■ ASSIGNMENT:
An exact copy of all the data, minus the images, is required.

■ DATA PROVIDED:
--

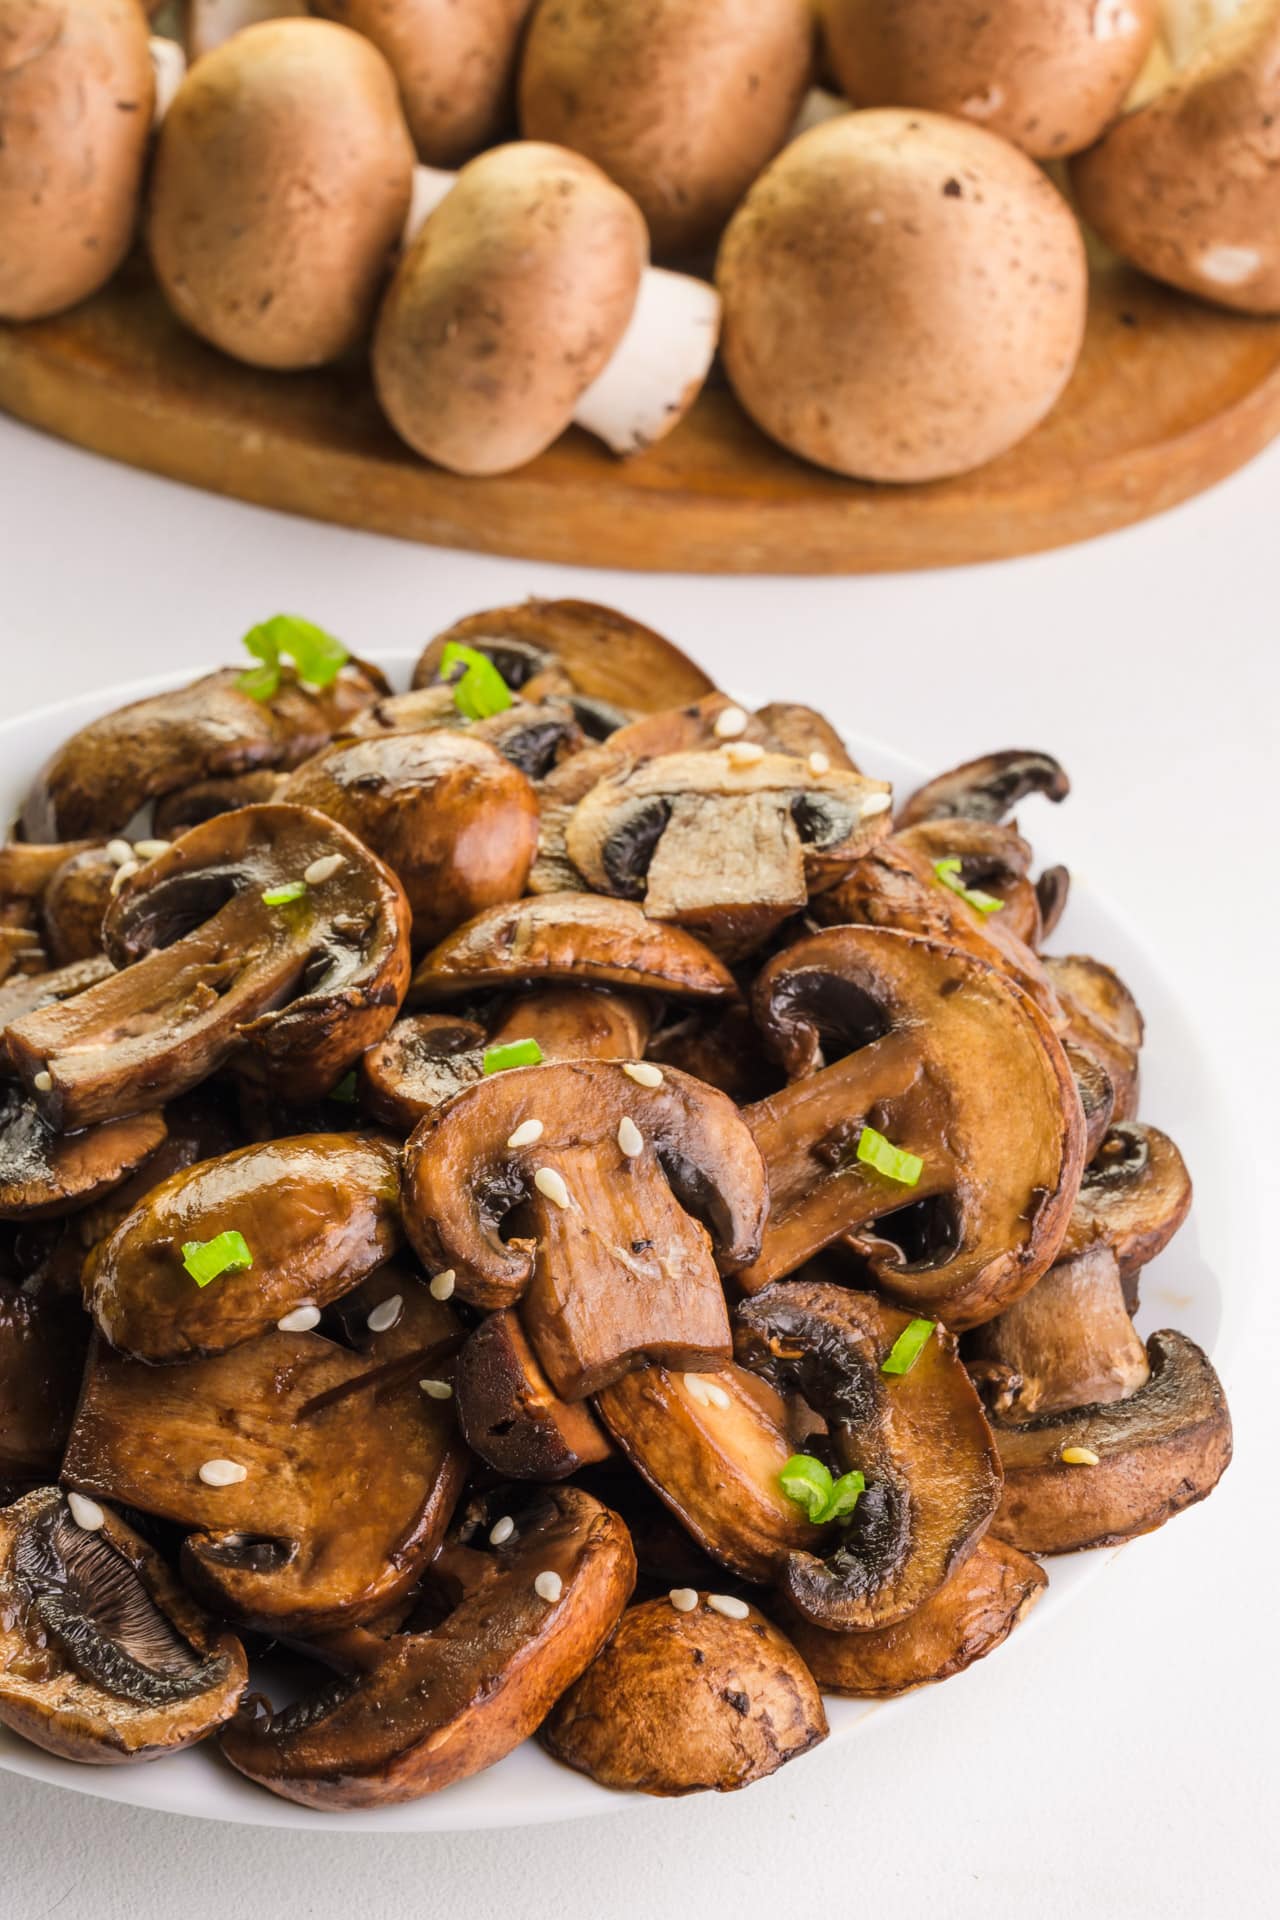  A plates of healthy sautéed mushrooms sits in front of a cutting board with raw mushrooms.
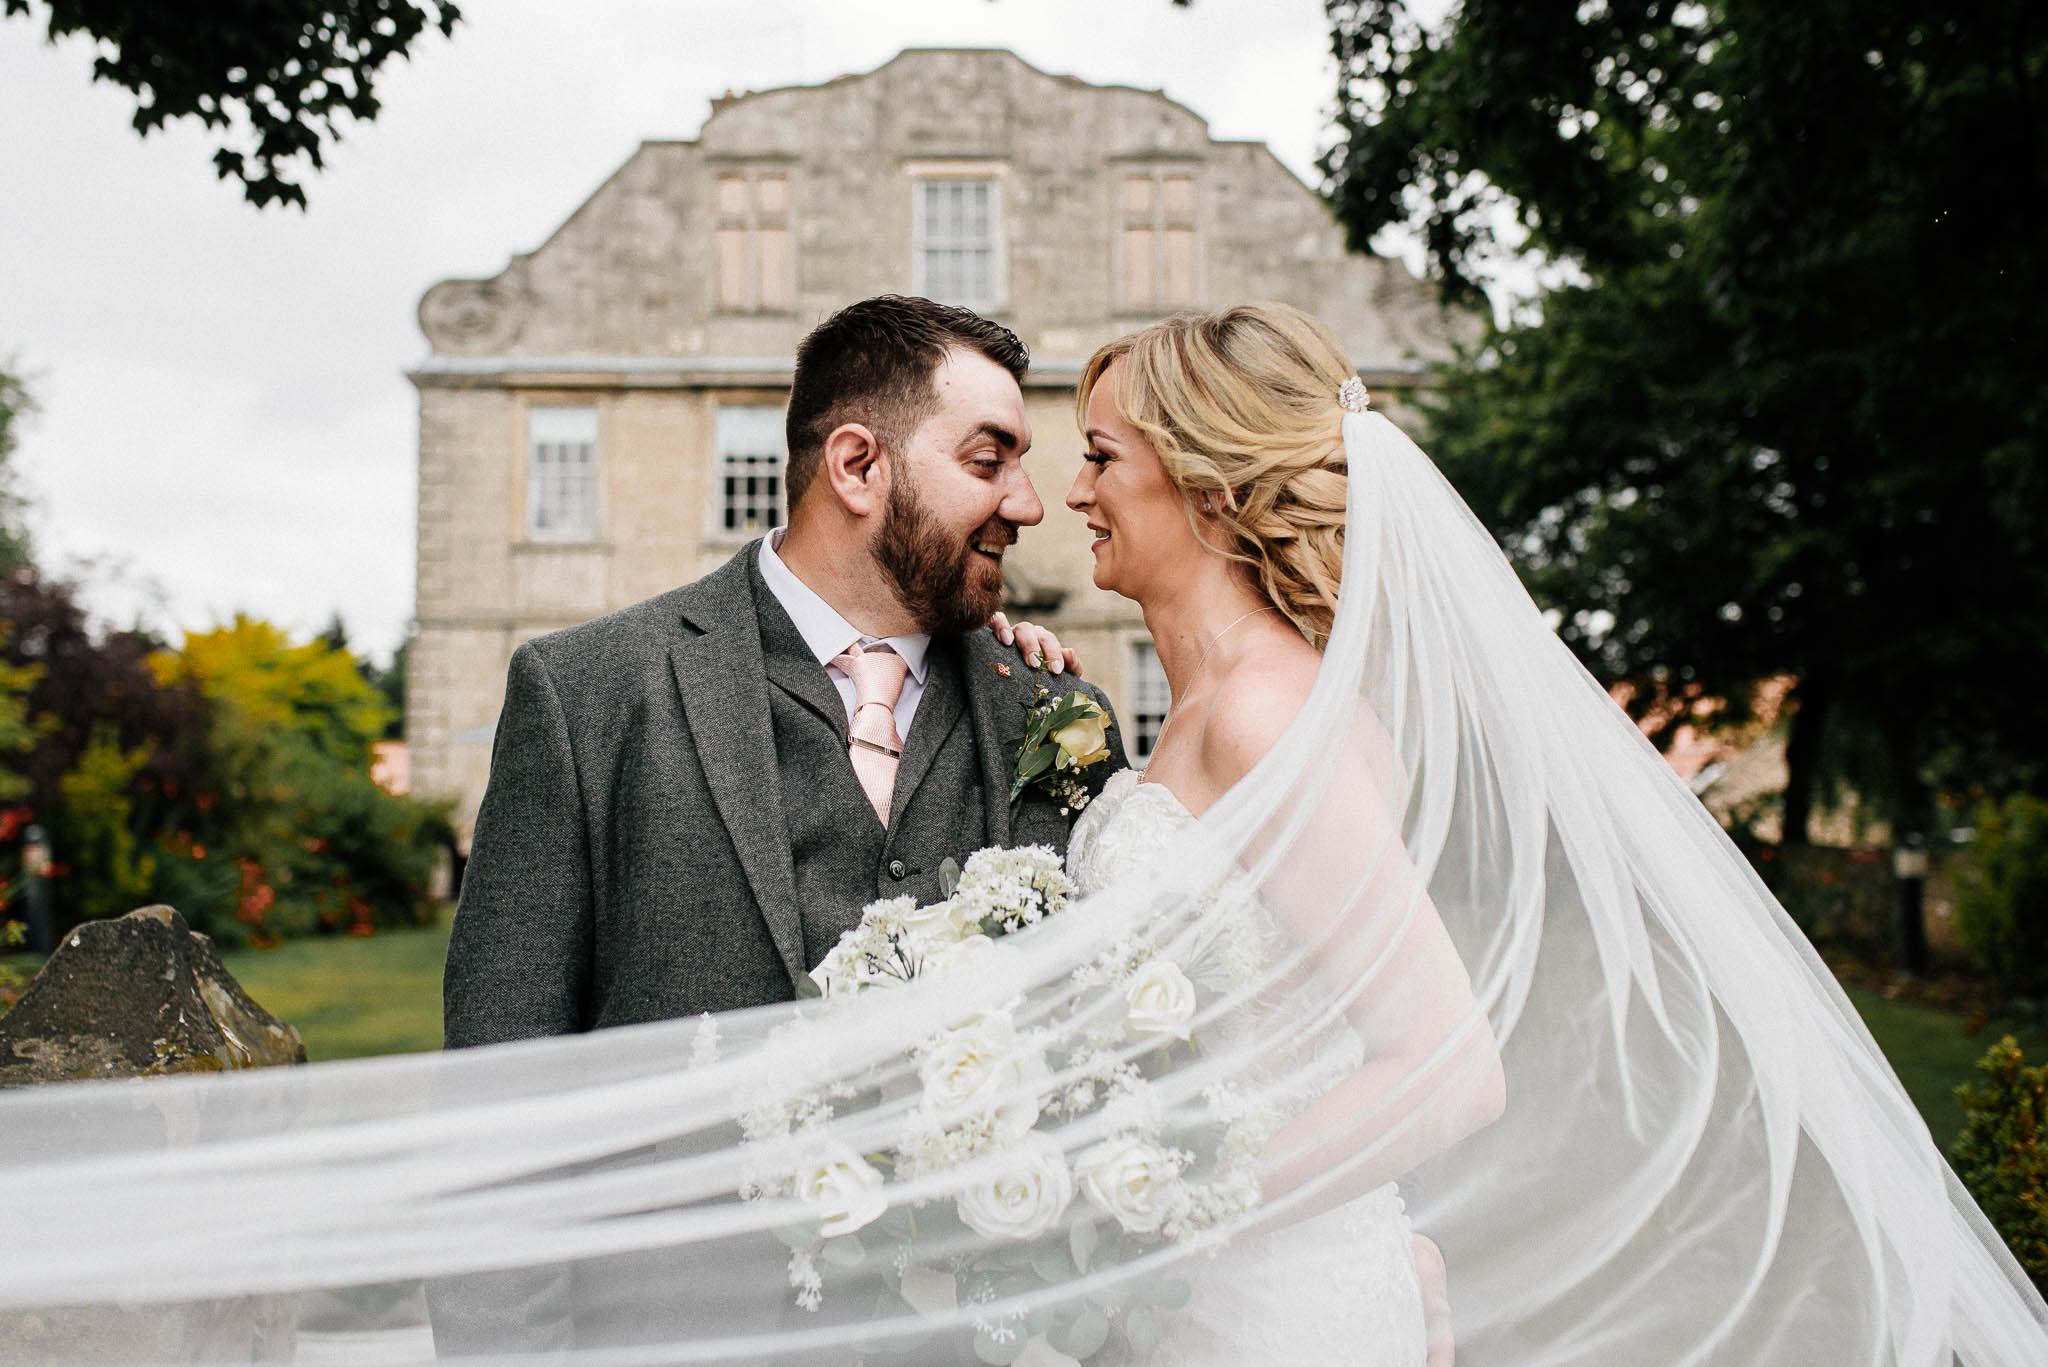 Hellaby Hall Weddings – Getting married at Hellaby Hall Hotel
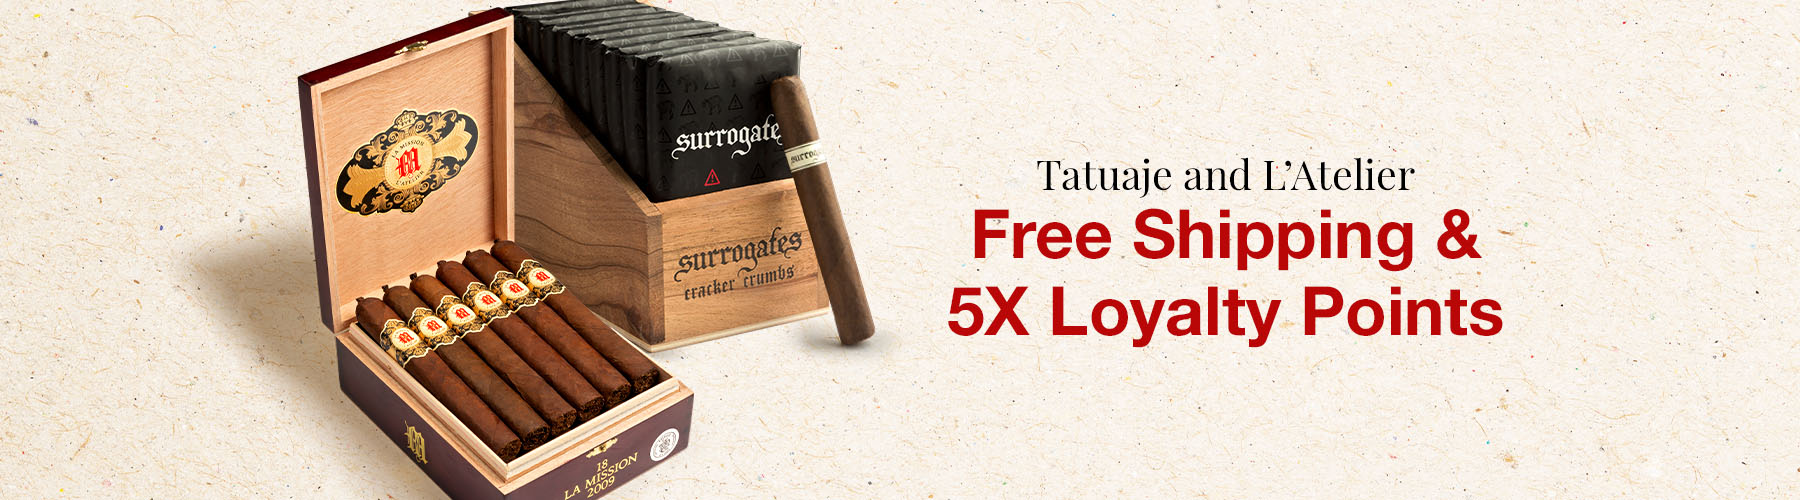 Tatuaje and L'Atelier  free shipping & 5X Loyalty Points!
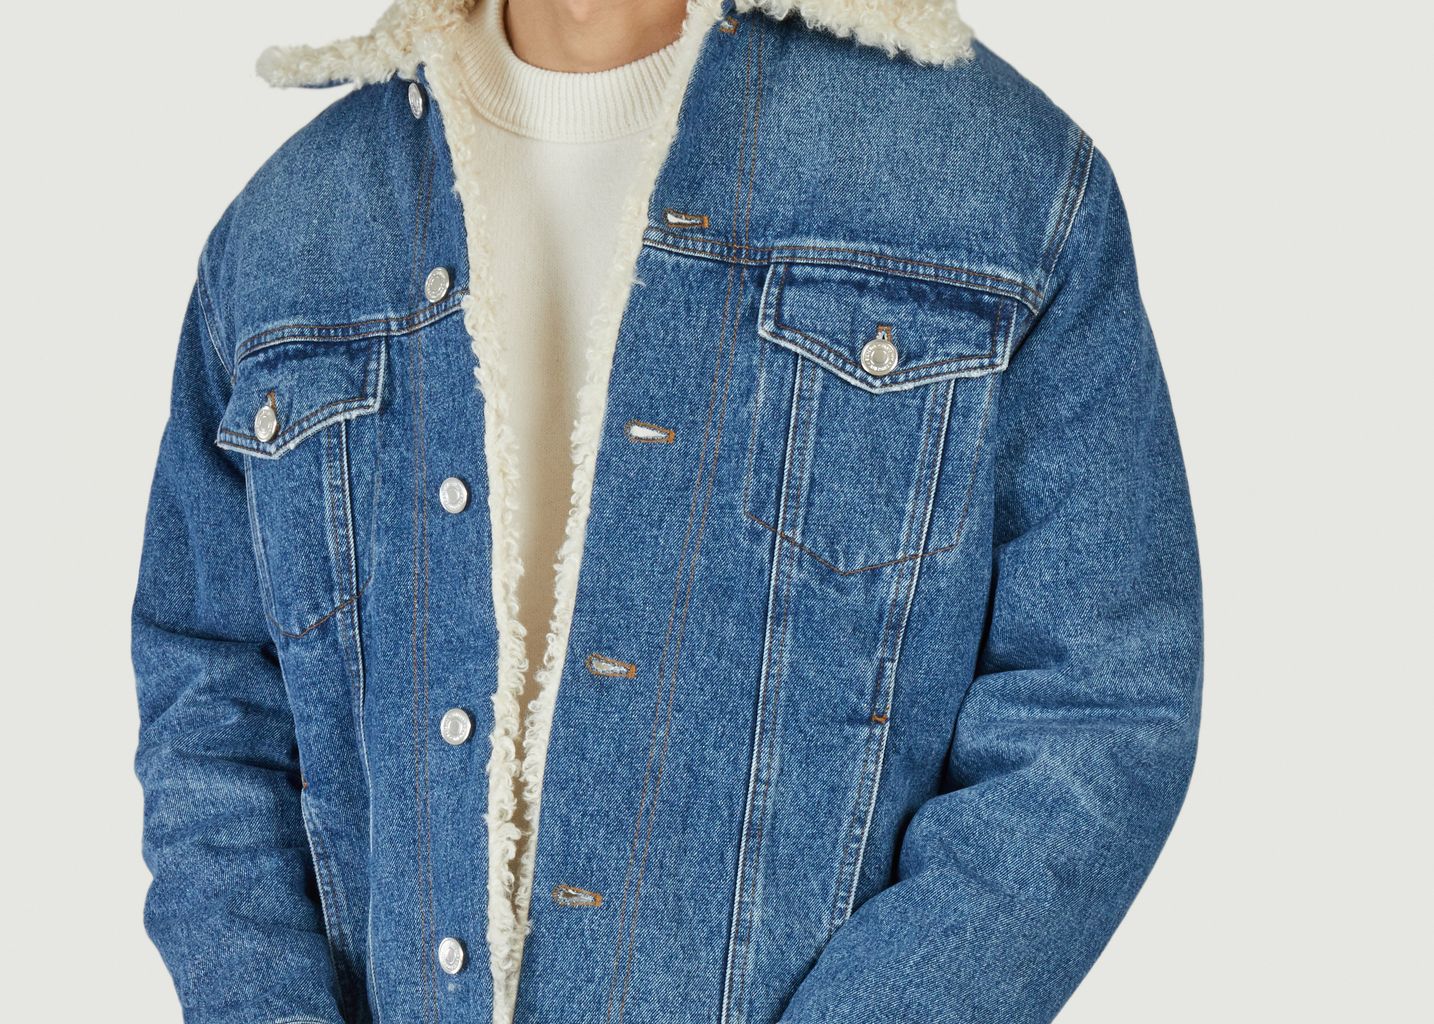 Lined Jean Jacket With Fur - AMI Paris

--

■ SOLUTION TO THIS TASK:
  A plates of healthy sautéed mushrooms sits in front of a cutting board with raw mushrooms.
 Hellaby Hall Weddings – Getting married at Hellaby Hall Hotel
 Tatuaje and L'Atelier  free shipping & 5X Loyalty Points!
 Lined Jean Jacket With Fur - AMI Paris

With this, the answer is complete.